Friday 21st October 2016                 Change text size:

Europe urged to develop ambitious energy efficiency retrofit plans

building site by Elliot Brown via flickr

European countries must quickly develop more ambitious plans for retrofitting buildings with energy efficiency measures, according to campaigners and a leading international council.

With just six months left until EU nations must deliver their national renovation strategies, the Renovate Europe campaign and the World Green Building Council’s Europe Regional Network are urging governments to put forward ambitious strategies that they say will help lower energy bills and secure investment in jobs and growth. 

As part of The Energy Efficiency Directive, every EU member state must publish a long-term plan for renovating their building stock to be more energy efficient by 30 April next year.

James Drinkwater, senior policy advisor of the Europe Regional Network, says, “Governments around Europe cannot afford to miss the chance to improve their economies and the lives of those who live, learn and work in Europe’s buildings. They must seize the opportunity.”

The network says that encouraging investment in the energy efficiency sector that could produce as many as two million jobs.

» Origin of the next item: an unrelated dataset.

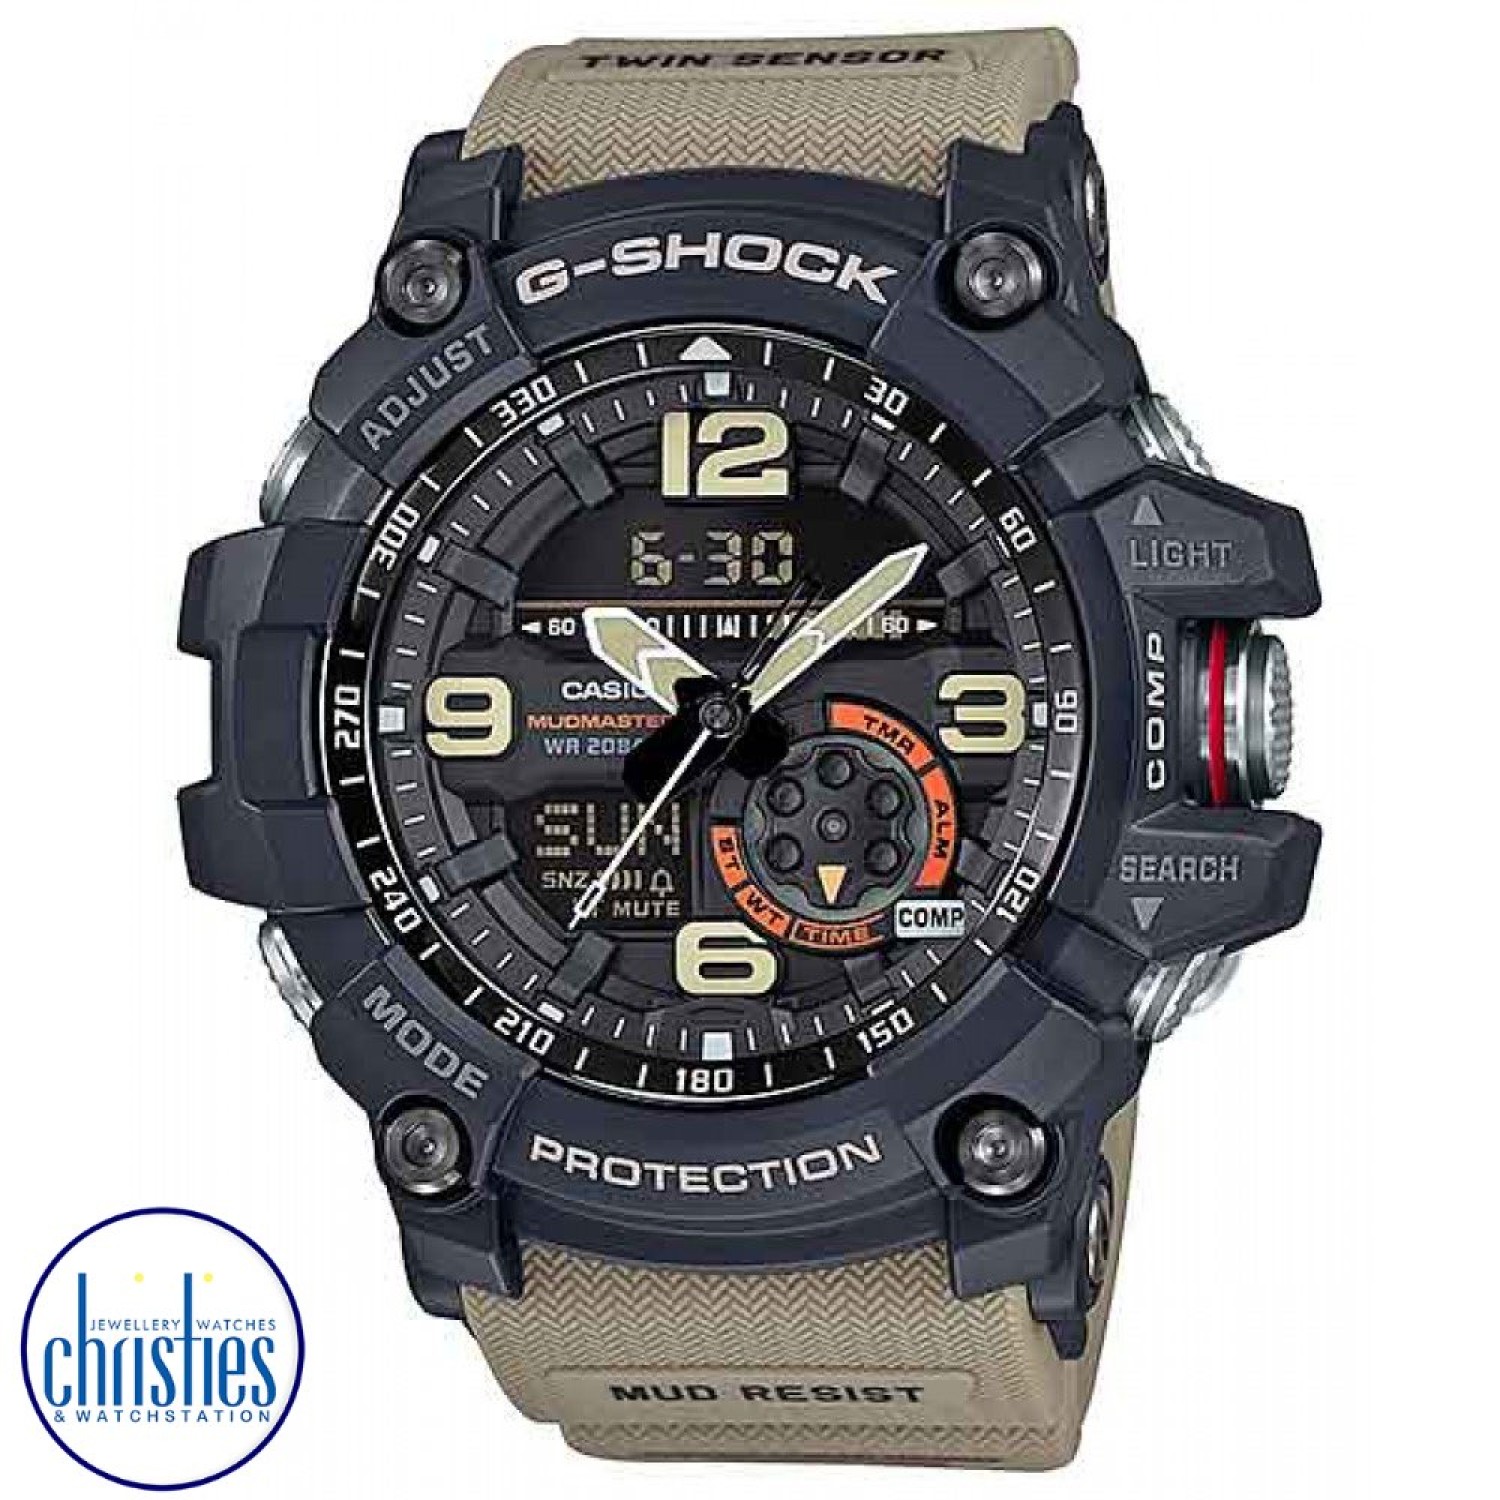 GG1000-1A5 G-Shock MUDMASTER Twin Sensor. This is the latest new addition to the MASTER OF G MUDMASTER Series, now available instore and online at Christies, was created especially for this whose work takes it into areas where piles of rubble, dirt, and d

They say that the industry is in a position where it could deliver instant success, but say long-term confidence is needed.

They also add that ambitious retrofitting strategies are essential if the EU is to meet its long-term targets in efforts to prevent climate change. The EU has set a target of saving 20% of its projected 2020 energy consumption through improvements in energy efficiency.

However, there are many other supposed benefits to increasing energy efficiency in our buildings. In September, the World Green Building Week 2013 highlighted how living and working in sustainable buildings could be better for our health.

Paul King, chief executive of the UK Green Building Council, said at the time, “We often hear about the environmental and financial benefits of green buildings, but less attention is paid to the impact on those who live and work in them.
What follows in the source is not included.